--- DATA SUPPLIED ---

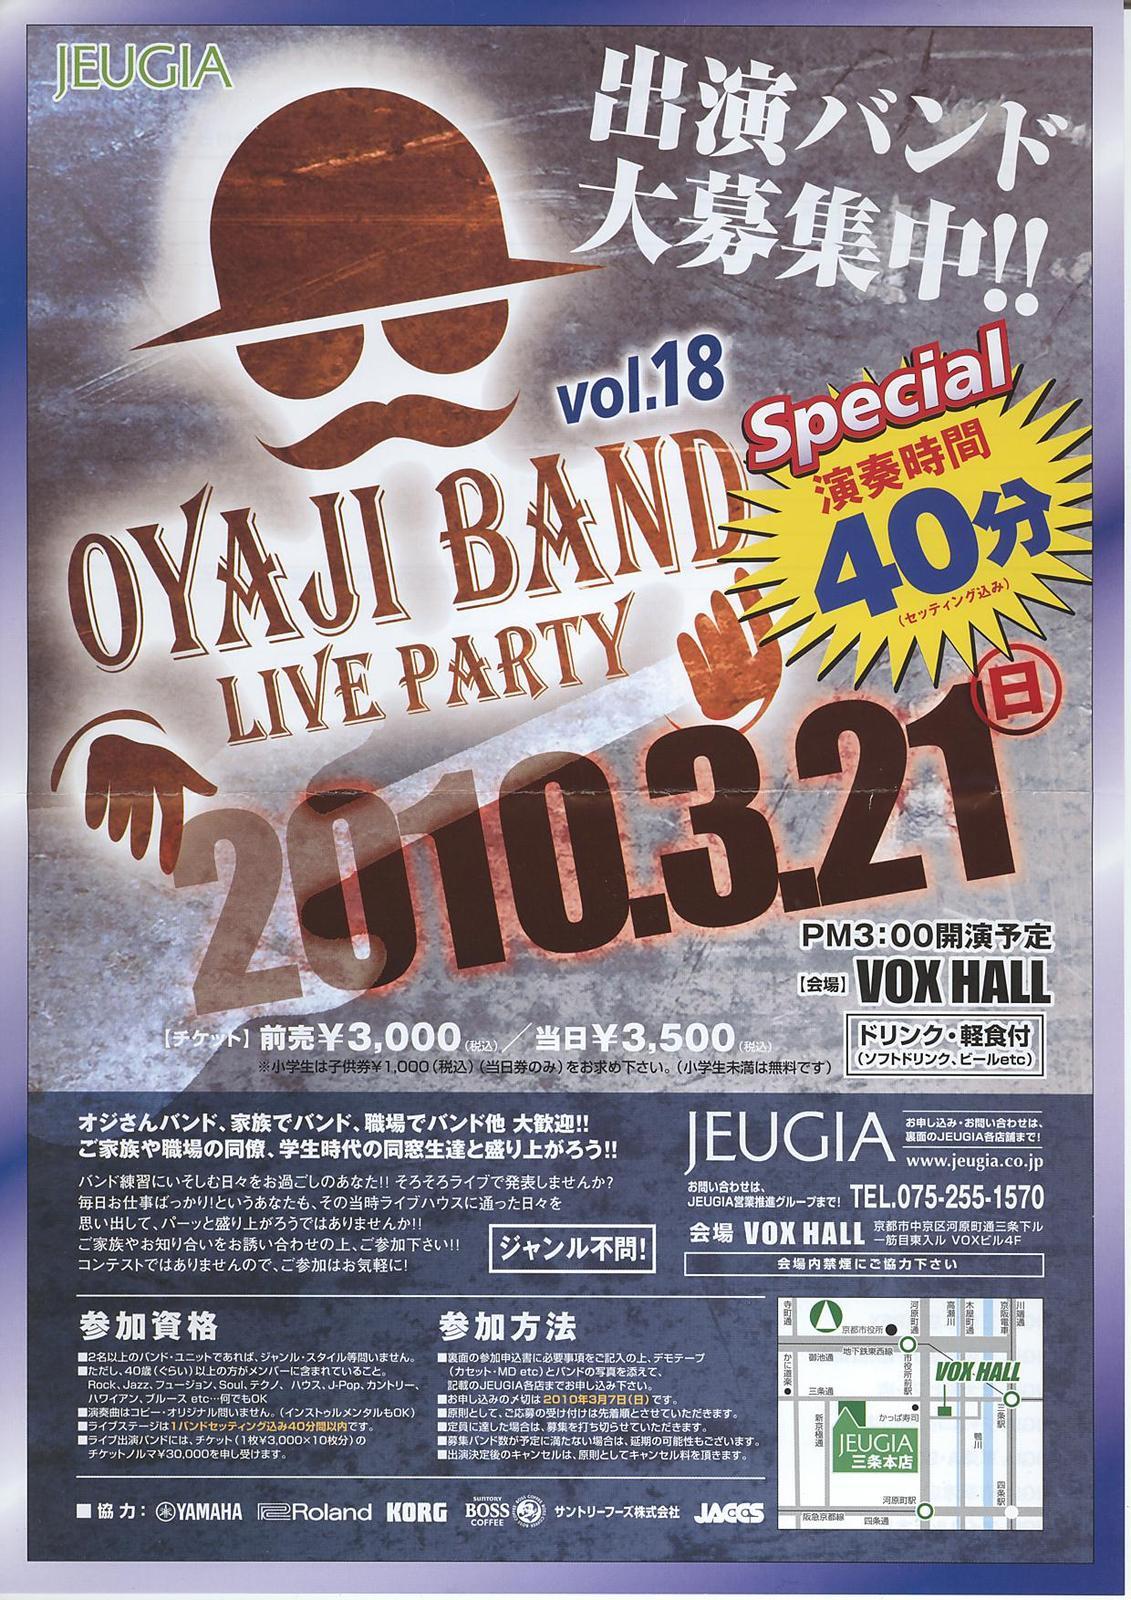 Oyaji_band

---
--- DATA SUPPLIED ---

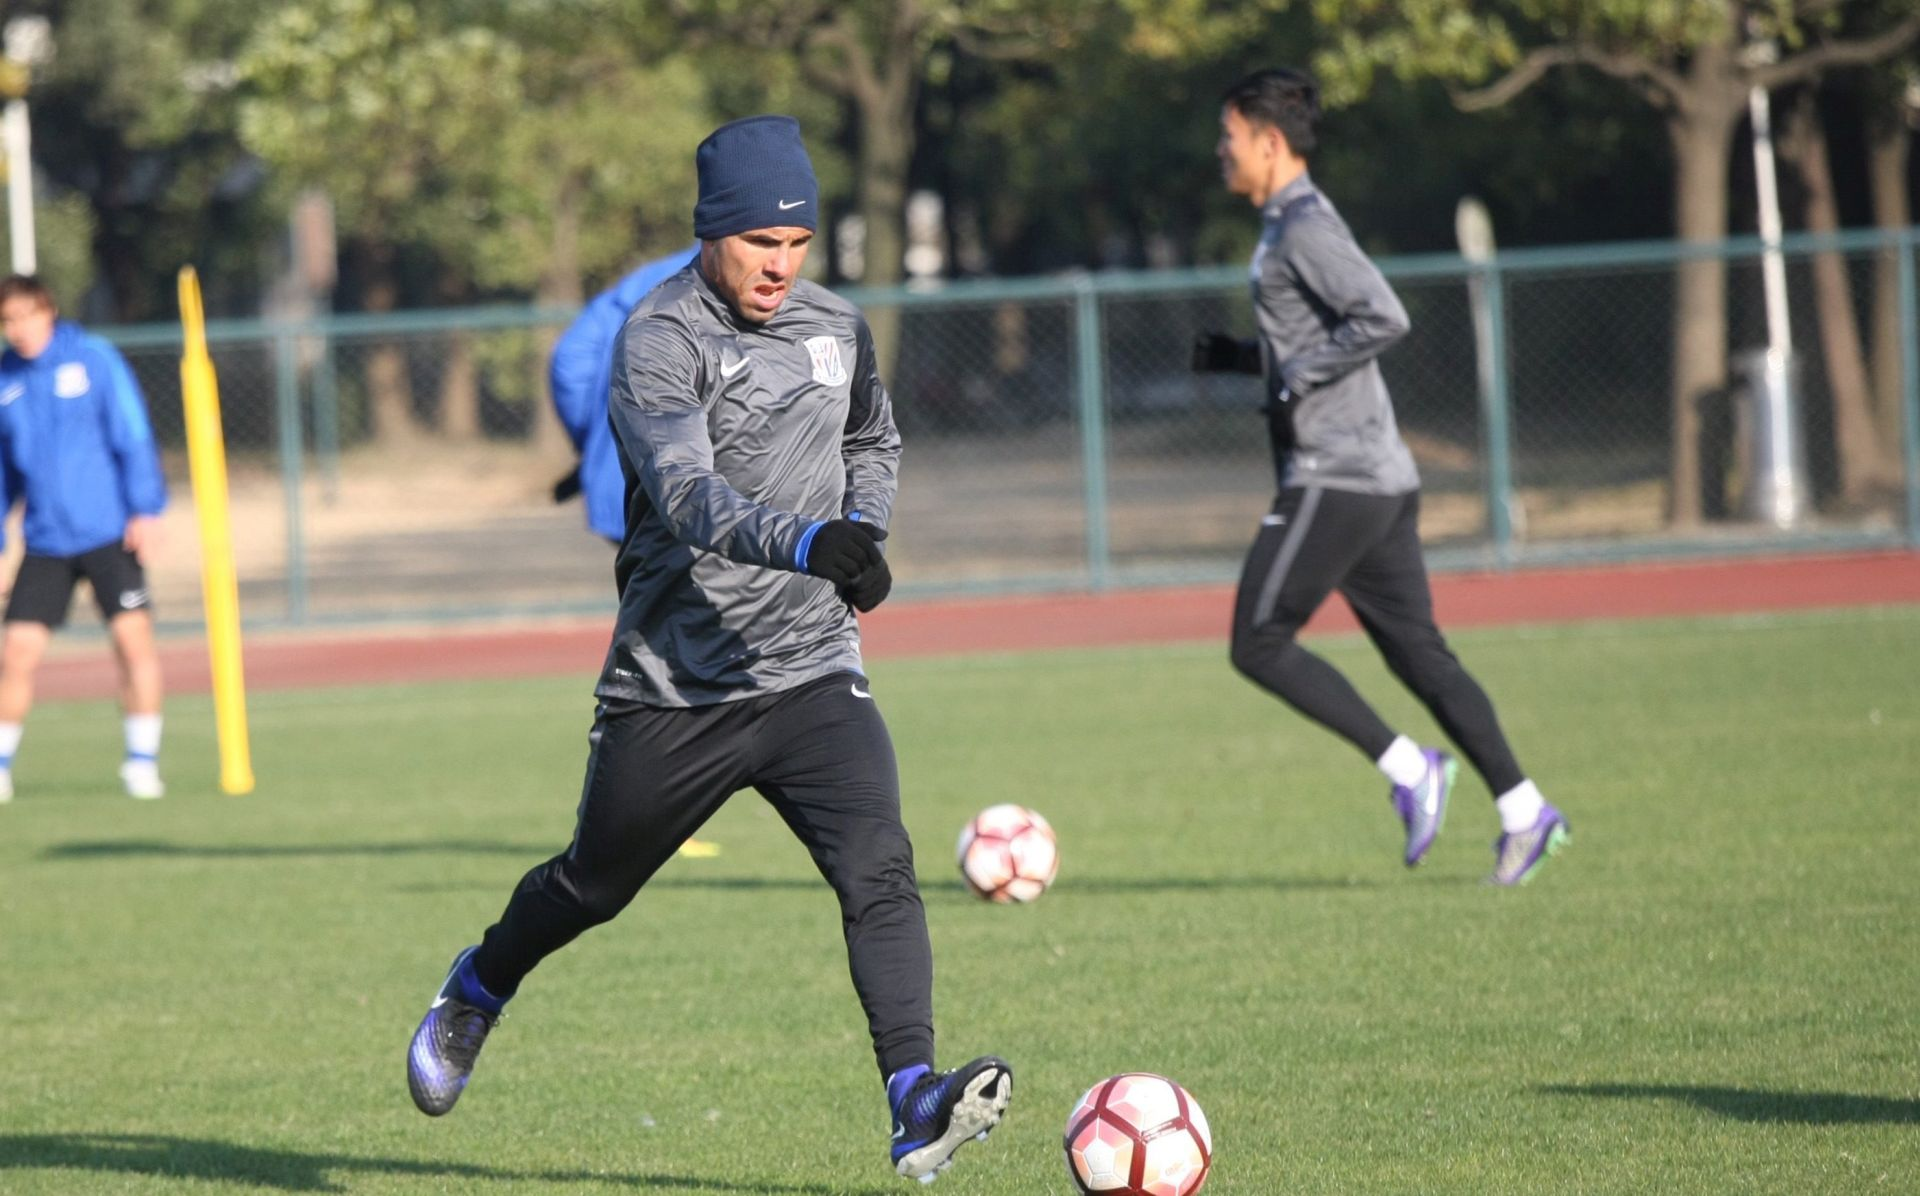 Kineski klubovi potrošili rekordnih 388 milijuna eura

---
--- DATA SUPPLIED ---

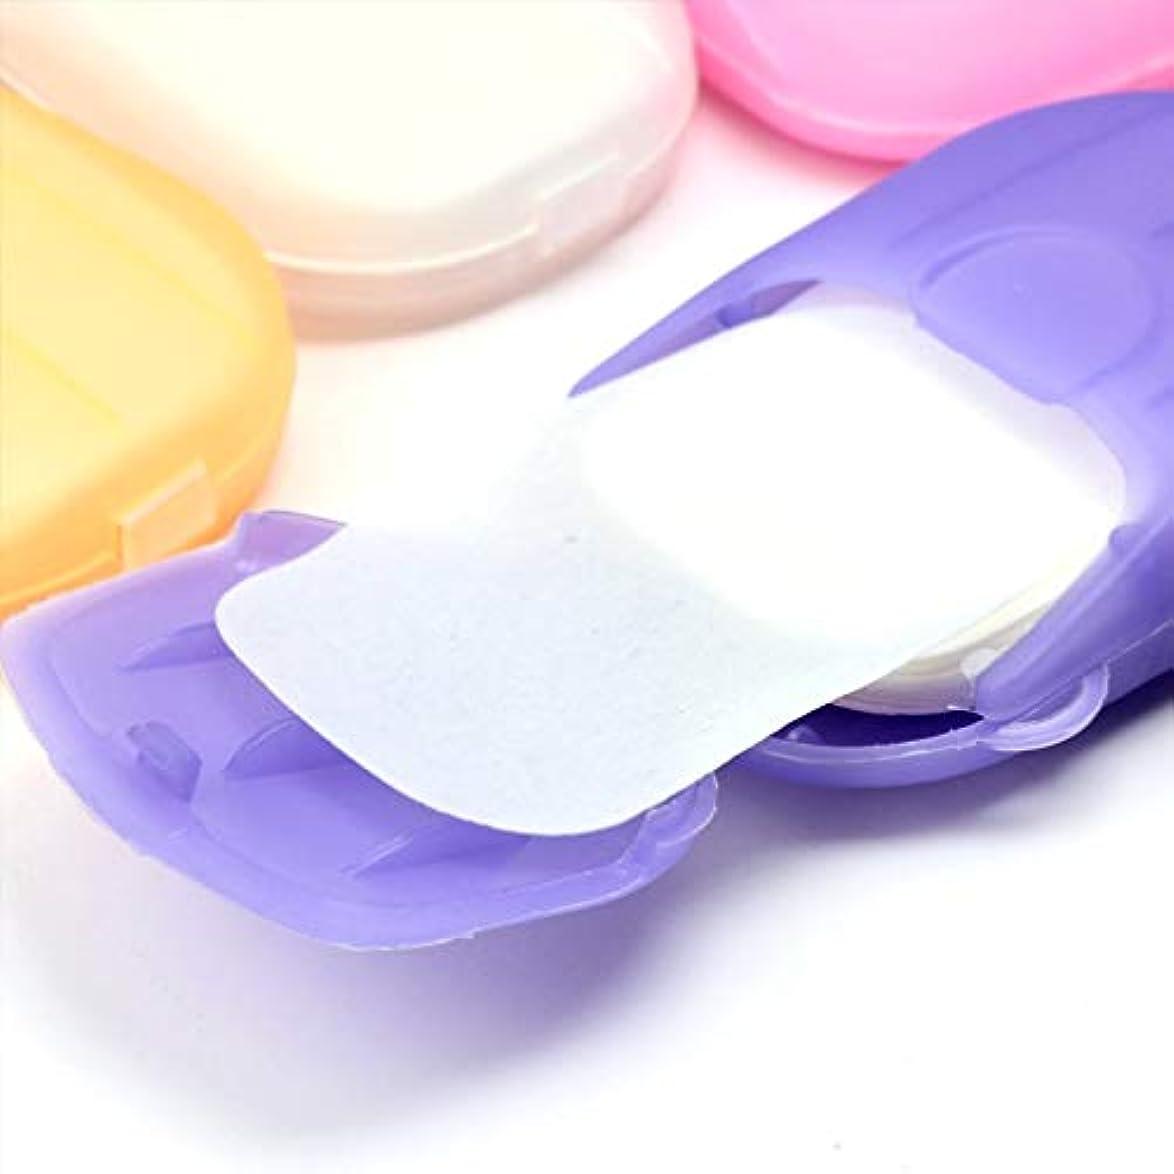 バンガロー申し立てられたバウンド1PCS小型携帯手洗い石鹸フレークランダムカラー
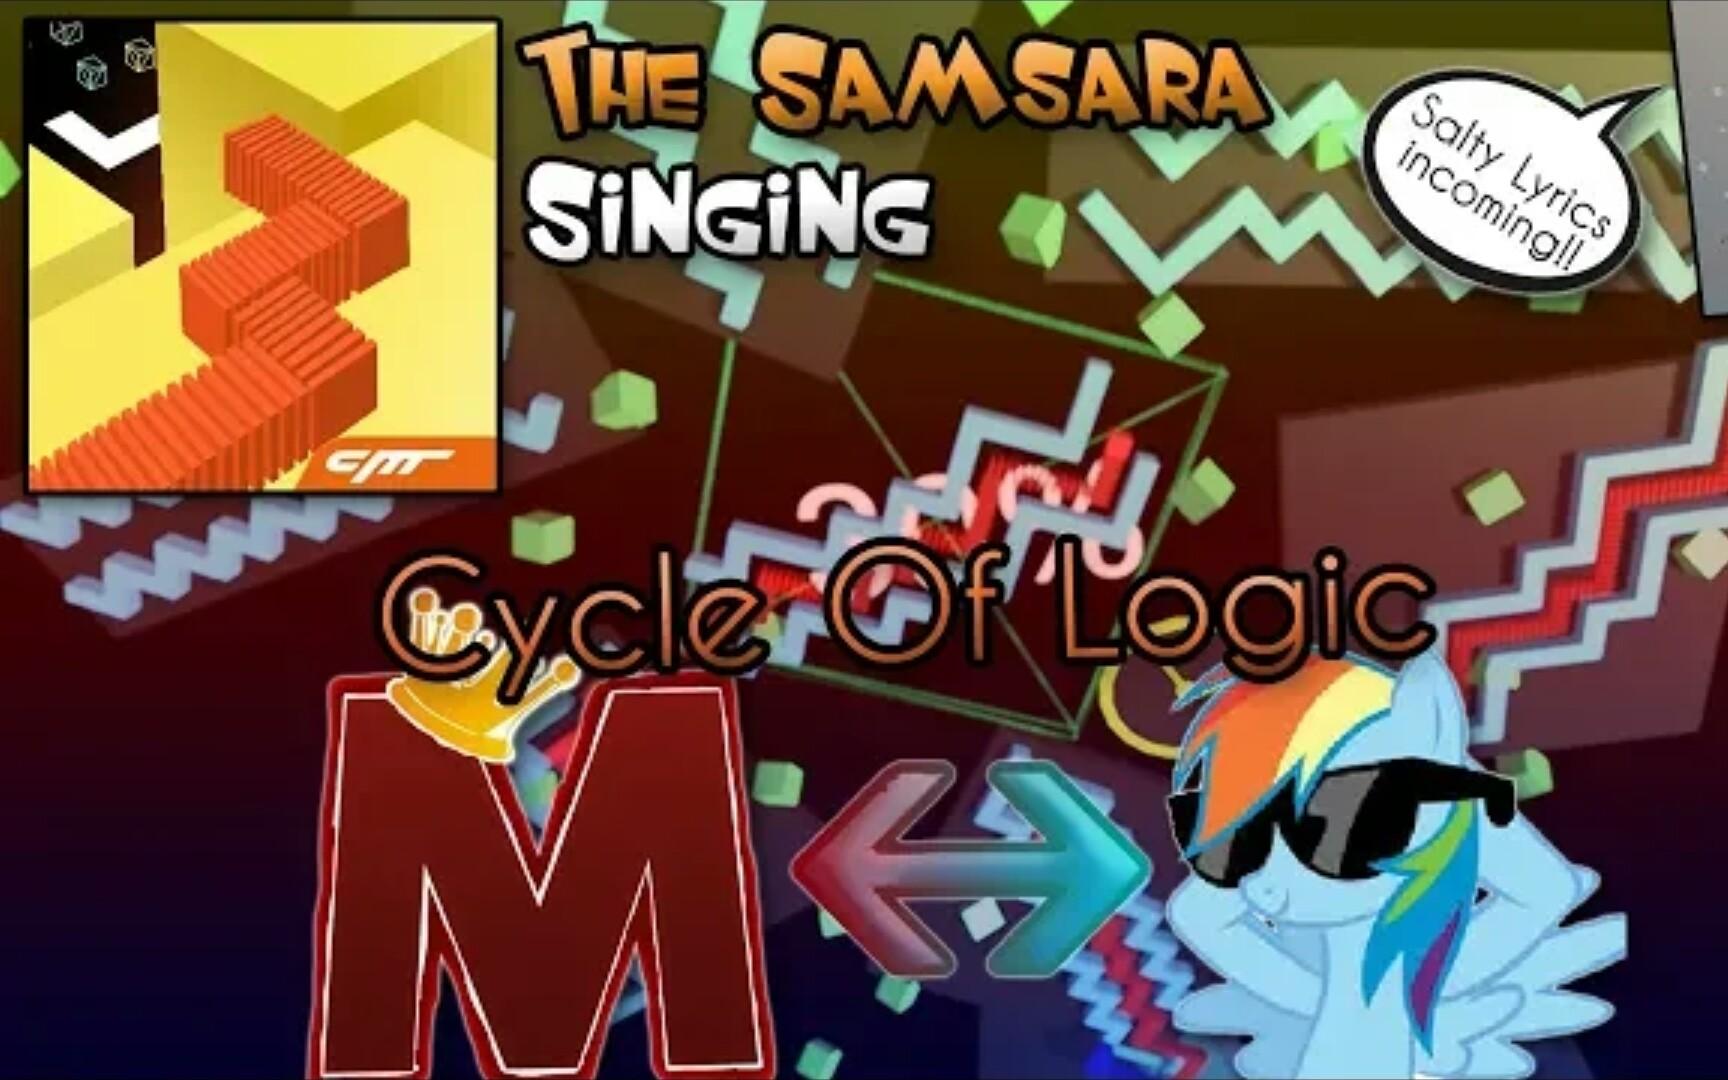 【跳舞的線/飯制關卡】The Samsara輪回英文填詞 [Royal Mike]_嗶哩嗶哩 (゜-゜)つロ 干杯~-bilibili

---

TASK ITEM:
Everything from the line with "バンガロー申し立てられたバウ" down to the line with "Mike]_嗶哩嗶哩 (゜-゜)つロ 干杯~-bilibili" in the data above should be copied exactly, with both end lines kept and the pictures left out.

SOLUTION BELOW:
 バンガロー申し立てられたバウンド1PCS小型携帯手洗い石鹸フレークランダムカラー
 【跳舞的線/飯制關卡】The Samsara輪回英文填詞 [Royal Mike]_嗶哩嗶哩 (゜-゜)つロ 干杯~-bilibili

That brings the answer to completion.